## The records
::::::::::
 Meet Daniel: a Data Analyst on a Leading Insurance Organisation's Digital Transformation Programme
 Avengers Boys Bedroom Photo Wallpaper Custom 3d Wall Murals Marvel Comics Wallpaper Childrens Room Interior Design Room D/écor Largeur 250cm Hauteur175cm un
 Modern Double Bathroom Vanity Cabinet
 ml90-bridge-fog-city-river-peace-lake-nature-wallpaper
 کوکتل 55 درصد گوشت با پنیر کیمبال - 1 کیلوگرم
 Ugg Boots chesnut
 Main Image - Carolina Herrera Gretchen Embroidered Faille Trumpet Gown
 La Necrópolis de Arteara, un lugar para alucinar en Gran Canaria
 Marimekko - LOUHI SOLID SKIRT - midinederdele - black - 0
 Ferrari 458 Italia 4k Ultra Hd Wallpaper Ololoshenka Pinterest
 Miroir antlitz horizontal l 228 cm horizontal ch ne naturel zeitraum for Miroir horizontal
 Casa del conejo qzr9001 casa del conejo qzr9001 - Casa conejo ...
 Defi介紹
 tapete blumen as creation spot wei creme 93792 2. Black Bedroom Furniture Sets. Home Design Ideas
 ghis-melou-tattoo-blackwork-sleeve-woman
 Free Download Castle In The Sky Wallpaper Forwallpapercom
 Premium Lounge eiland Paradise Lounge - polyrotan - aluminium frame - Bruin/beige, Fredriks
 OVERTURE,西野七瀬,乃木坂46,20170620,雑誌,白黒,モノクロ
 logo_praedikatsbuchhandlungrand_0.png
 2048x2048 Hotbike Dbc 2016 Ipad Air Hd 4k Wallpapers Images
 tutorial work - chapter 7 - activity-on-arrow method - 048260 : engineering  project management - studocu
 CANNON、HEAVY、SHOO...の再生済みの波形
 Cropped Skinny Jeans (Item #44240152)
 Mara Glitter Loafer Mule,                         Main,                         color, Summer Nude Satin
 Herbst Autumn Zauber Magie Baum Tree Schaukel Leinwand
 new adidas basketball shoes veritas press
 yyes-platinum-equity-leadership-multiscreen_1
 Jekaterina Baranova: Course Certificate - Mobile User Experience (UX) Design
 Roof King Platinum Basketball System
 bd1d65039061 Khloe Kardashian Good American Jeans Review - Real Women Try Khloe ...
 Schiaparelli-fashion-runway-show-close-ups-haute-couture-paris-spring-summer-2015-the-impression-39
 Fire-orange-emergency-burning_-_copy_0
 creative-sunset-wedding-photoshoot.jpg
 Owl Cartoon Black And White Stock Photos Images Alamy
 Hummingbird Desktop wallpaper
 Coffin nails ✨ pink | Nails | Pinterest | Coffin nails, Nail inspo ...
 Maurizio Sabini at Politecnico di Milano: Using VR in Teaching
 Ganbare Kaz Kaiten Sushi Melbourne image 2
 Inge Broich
::::::::::
Out of the listing above, reproduce exactly the lines from the one with "tapete blumen as" up to and including the one with "Cropped Skinny Jeans (Item #44240152)".

 tapete blumen as creation spot wei creme 93792 2. Black Bedroom Furniture Sets. Home Design Ideas
 ghis-melou-tattoo-blackwork-sleeve-woman
 Free Download Castle In The Sky Wallpaper Forwallpapercom
 Premium Lounge eiland Paradise Lounge - polyrotan - aluminium frame - Bruin/beige, Fredriks
 OVERTURE,西野七瀬,乃木坂46,20170620,雑誌,白黒,モノクロ
 logo_praedikatsbuchhandlungrand_0.png
 2048x2048 Hotbike Dbc 2016 Ipad Air Hd 4k Wallpapers Images
 tutorial work - chapter 7 - activity-on-arrow method - 048260 : engineering  project management - studocu
 CANNON、HEAVY、SHOO...の再生済みの波形
 Cropped Skinny Jeans (Item #44240152)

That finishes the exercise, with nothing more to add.